Deux années outre-Manche ont suffi à Eva Goudouneix pour trouver sa place dans l’activisme écologique. Initialement venue en Grande-Bretagne pour achever ses études, la Française de 24 ans est aujourd’hui chargée de mission à Repowering London. Cette fonction, au sein de l’entreprise solidaire, vient de la conduire à coordonner une levée de fonds de £137.000 destinés à financer l’installation de panneaux solaires sur deux écoles situées dans le quartier de Lambeth. La concrétisation d’un projet de longue haleine qui est appelé à être reproduit.
Née à une époque et dans une famille où la préoccupation écologique était grandissante, Eva Goudouneix fait progressivement de la lutte contre le dérèglement climatique un objectif de vie. C’est après avoir réalisé une double licence, en économie et en allemand, que la Parisienne s’aperçoit que les masters abordant l’environnement avec une dimension politique se font rares dans l’Hexagone. Elle qui ne se voyait pas faire Sciences Po ou passer par un cursus d’ingénieur se résout donc à achever sa formation en Grande-Bretagne où le champ des possibles semble plus large. Avant de plier bagage, elle s’accorde une année de césure pour organiser son départ et en profite pour réaliser un stage auprès de Green Cross. Au sein de cette ONG écologiste, la jeune femme organise de nombreuses conférences sur l’environnement. Une démarche louable mais qui ne la satisfait pas pleinement. “Ça manquait de concret car les plaidoyers servaient surtout à prêcher des convaincus”, confie-t-elle.
En 2017, Eva Goudouneix s’installe donc à Londres pour y réaliser son master mêlant économie et politique au prisme de l’énergie et de l’environnement. Une année riche qui contribue à élever sa conscience de l’enjeu que représentent les politiques énergétiques dans la lutte contre le dérèglement climatique. Dans la foulée, elle décroche un emploi chez un fournisseur d’électricité renouvelable. Puis, entre finalement à Repowering London en avril 2019 où elle semble avoir trouvé sa place, malgré un contrat à temps partiel la contraignant à faire les marchés pour boucler les fins de mois.
Depuis son arrivée à Repowering, Eva Goudouneix supervise l’aspect communautaire du projet Lambeth Community Solar visant à équiper les bâtiments publics du quartier en panneaux photovoltaïques. A terme, il devrait permettre d’allier écologie et économie puisque Repowering revendra son électricité verte aux édifices publics équipés à un prix 5 à 10% moins cher que celui du marché traditionnel.
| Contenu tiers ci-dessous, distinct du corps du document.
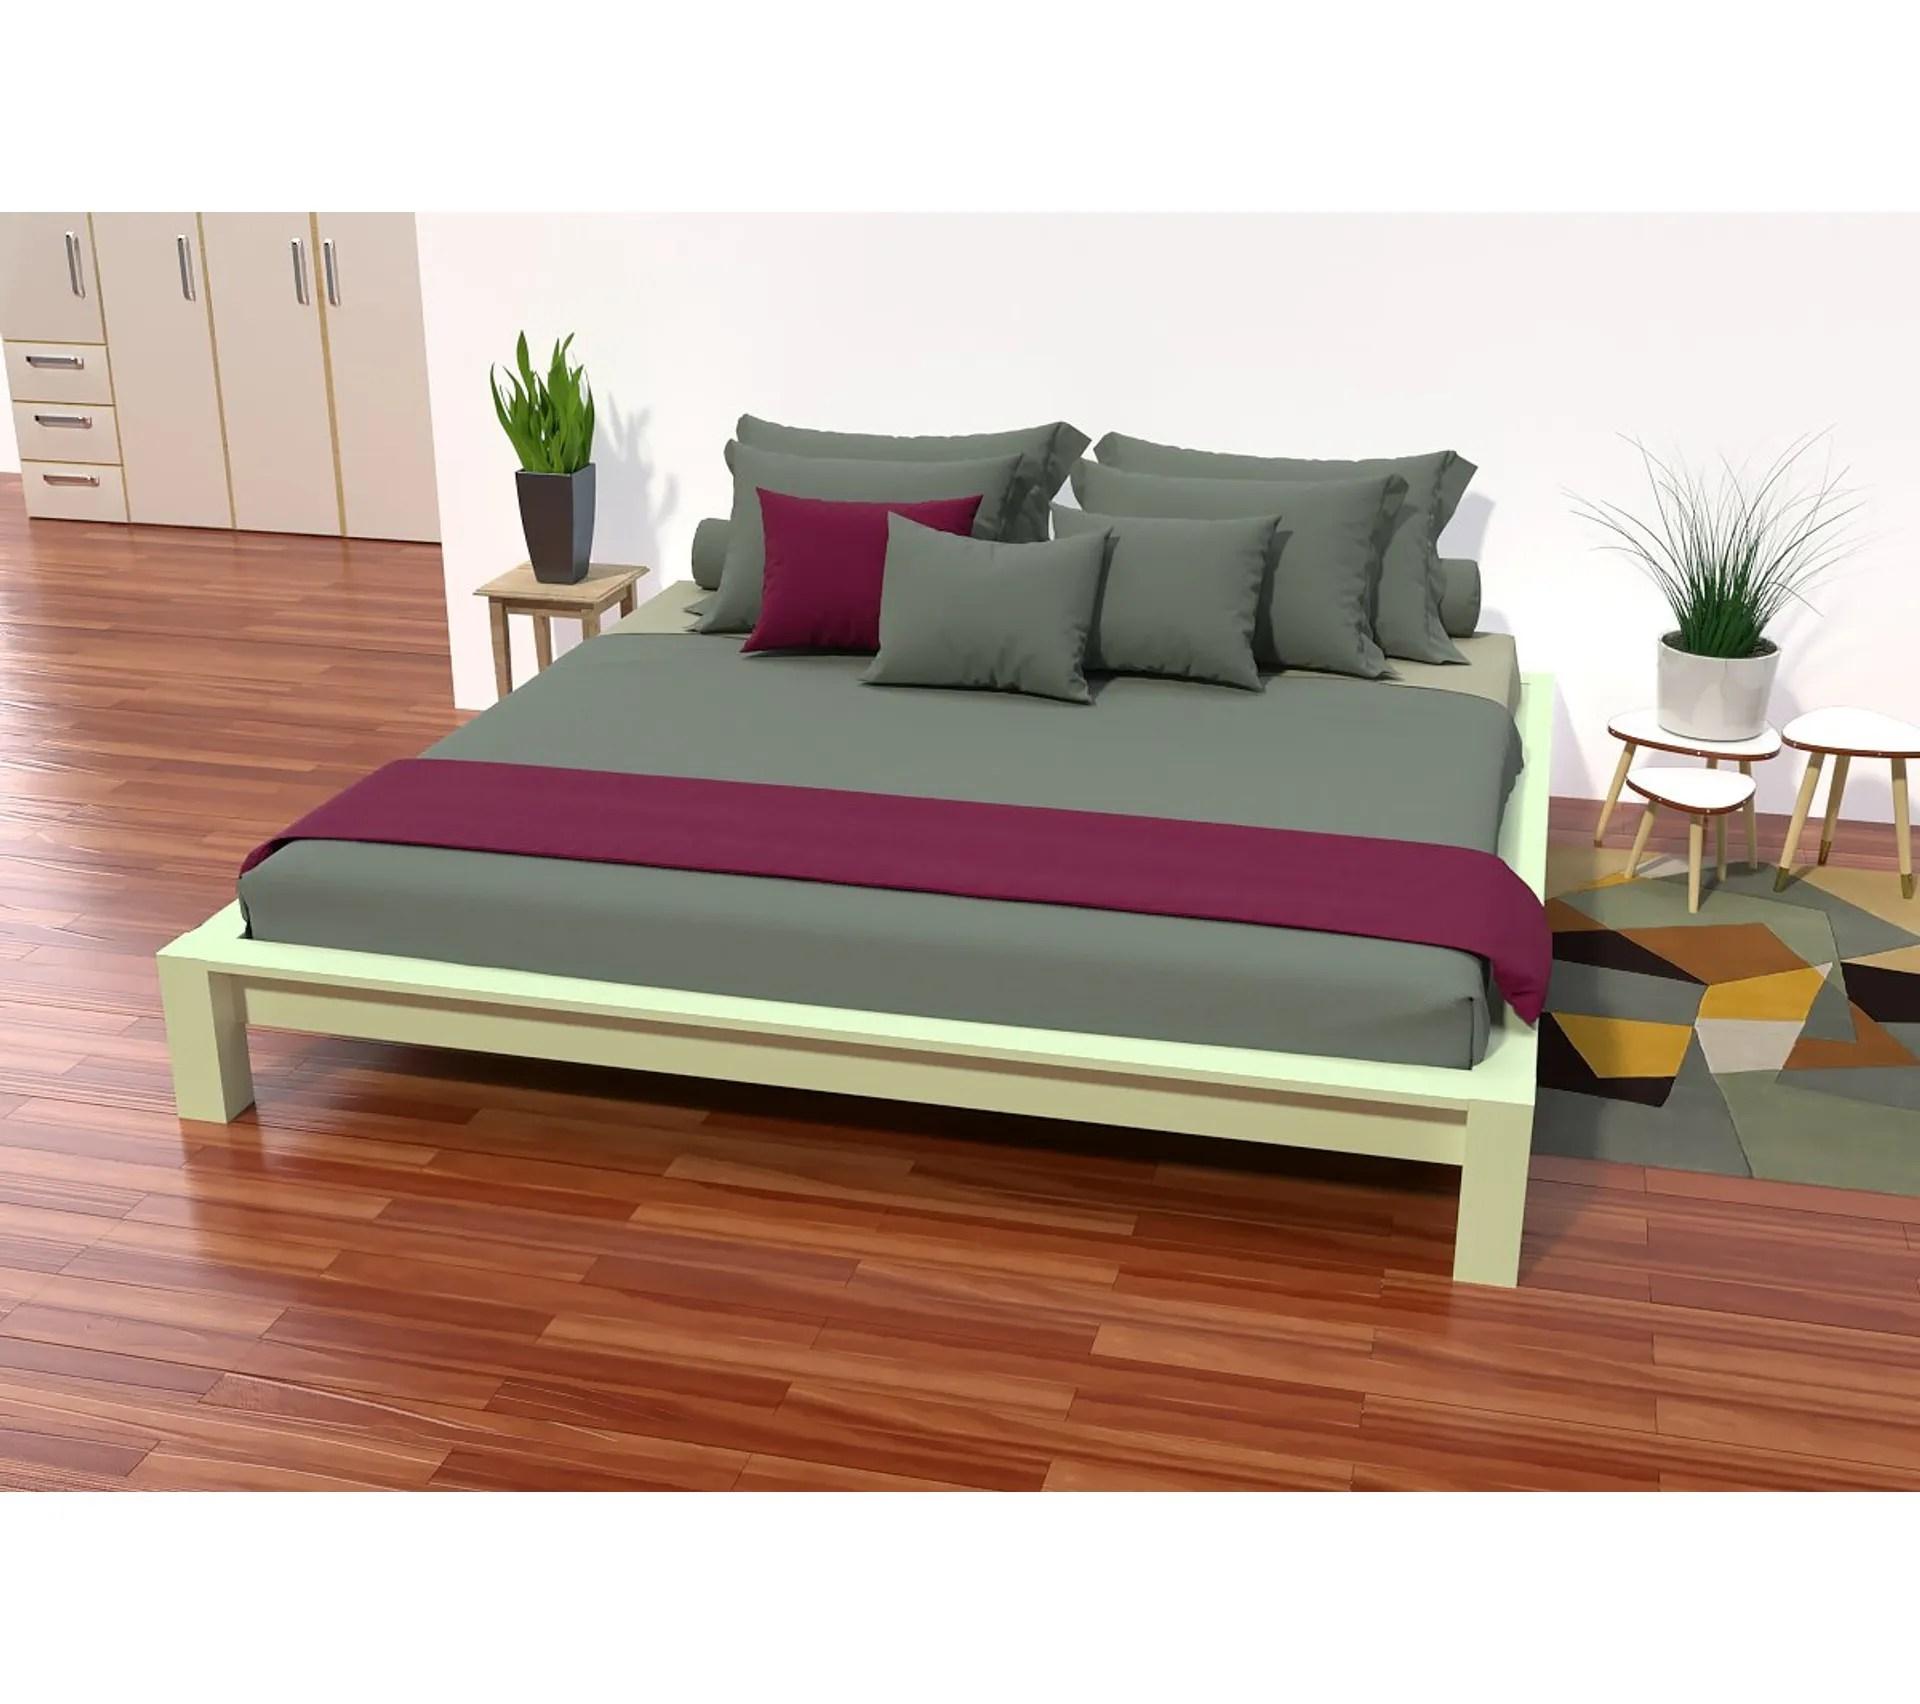 lit king size 200 x 200 cm bois couleur vert pastel dimensions 200x200

Pour atteindre cet objectif, la société doit financer l’installation des panneaux solaires en collectant des fonds auprès des habitants du quartier. Ce faisant, ils acquièrent en quelque sorte des “actions” dans le projet et reçoivent des intérêts à hauteur de 3% par an grâce aux recettes de l’électricité produite. Outre l’apport financier, l’objectif porté par l’entreprise à but non-lucratif est de créer une synergie de quartier autour du projet. Un travail de promotion et d’éveil des consciences dans laquelle se retrouve pleinement Eva Goudouneix. “On aura beau installer des panneaux solaires sur tous les lieux publics, si personne n’est engagé ça perd de son sens”, s’exclame-t-elle.
Alors que la levée de fonds des quelque £137.000 nécessaires à la réalisation du projet a été lancée mardi 24 septembre, Eva Goudouneix s’interroge sur la pérennité de tels modèles économiques. En effet, la fin annoncée de la subvention gouvernementale aux énergies renouvelables, dite Feed-in tariff, devrait rendre moins attractif ce genre d’équipements et affaiblir les projets tels que le Lambeth Community Solar.
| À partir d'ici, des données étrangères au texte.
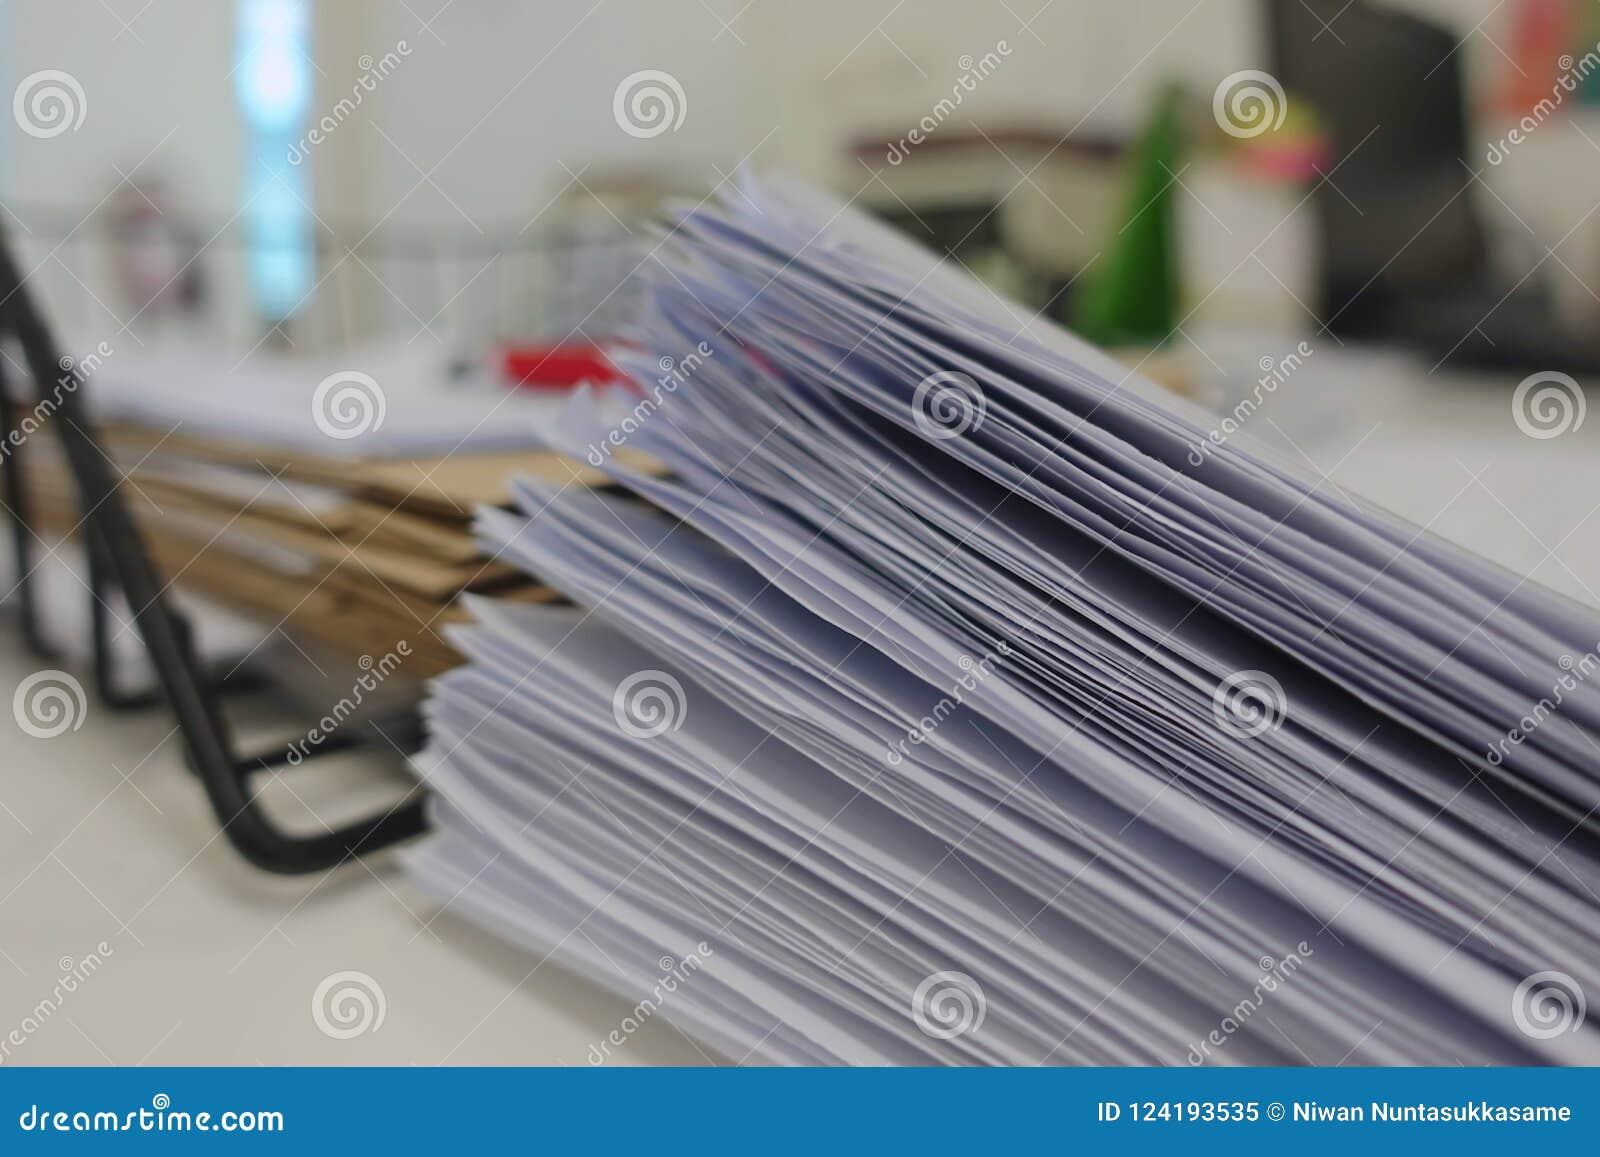 Dokumentenstapel auf Schreibtisch

Pour autant, la Française se verrait bien rester de longues années au sein de cette organisation et espère pouvoir, un jour, y travailler à plein temps. Et pour cause, la société créée en 2011 œuvre tout aussi bien sur le volet environnemental que social en luttant, par exemple, contre la précarité énergétique. “Ça me plaît de voir que le combat contre le dérèglement climatique et contre les inégalités se rejoignent”, lâche-t-elle, avant d’ajouter “j’ai trouvé ma voie quand j’ai réalisé qu’il était possible de faire les deux en même temps”.
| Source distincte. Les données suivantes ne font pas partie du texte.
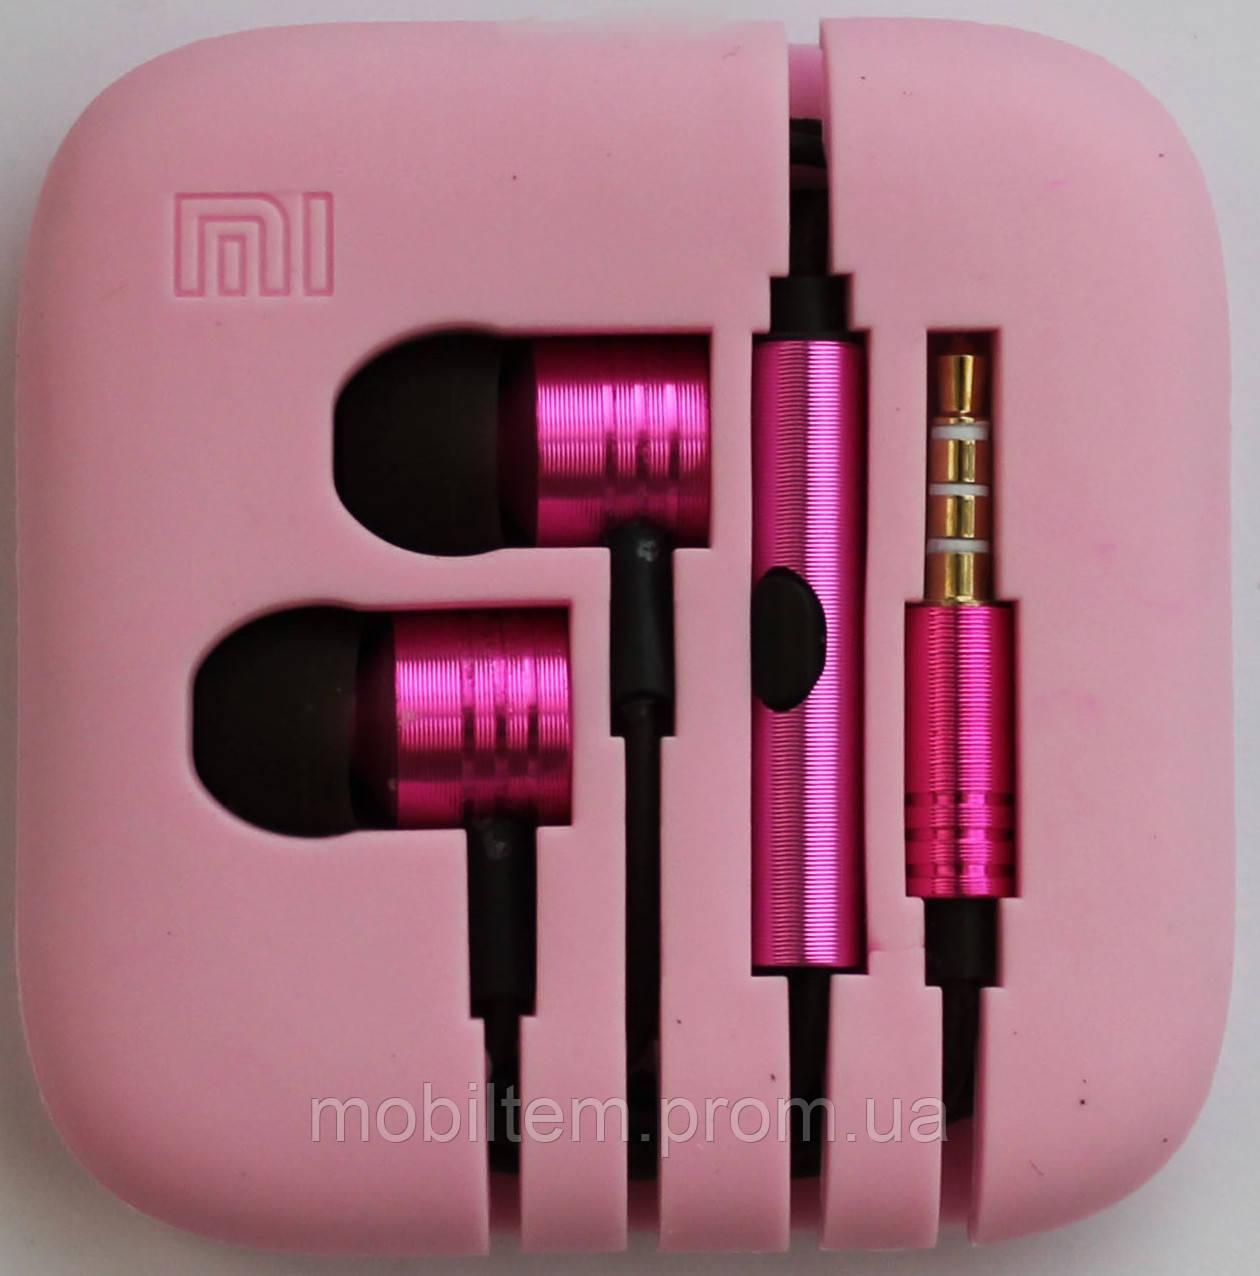 Наушники Xiaomi Piston 2 Pink copy  продажа 99b24ebe3fd6a

A en croire la jeune femme, cet accomplissement serait en partie dû à une prise de conscience plus forte de l’urgence climatique de ce côté de la Manche. “En France, on a encore du mal à ériger l’écologie en priorité numéro un”, déplore-t-elle. Finalement, Eva Goudouneix s’interroge aussi sur un potentiel retour en France en se disant qu’elle “ne peut pas rester ici à (se) plaindre que rien ne se fasse” dans son pays natal, avant d’ajouter qu’elle aimerait bien y retourner pour y appliquer les mêmes recettes.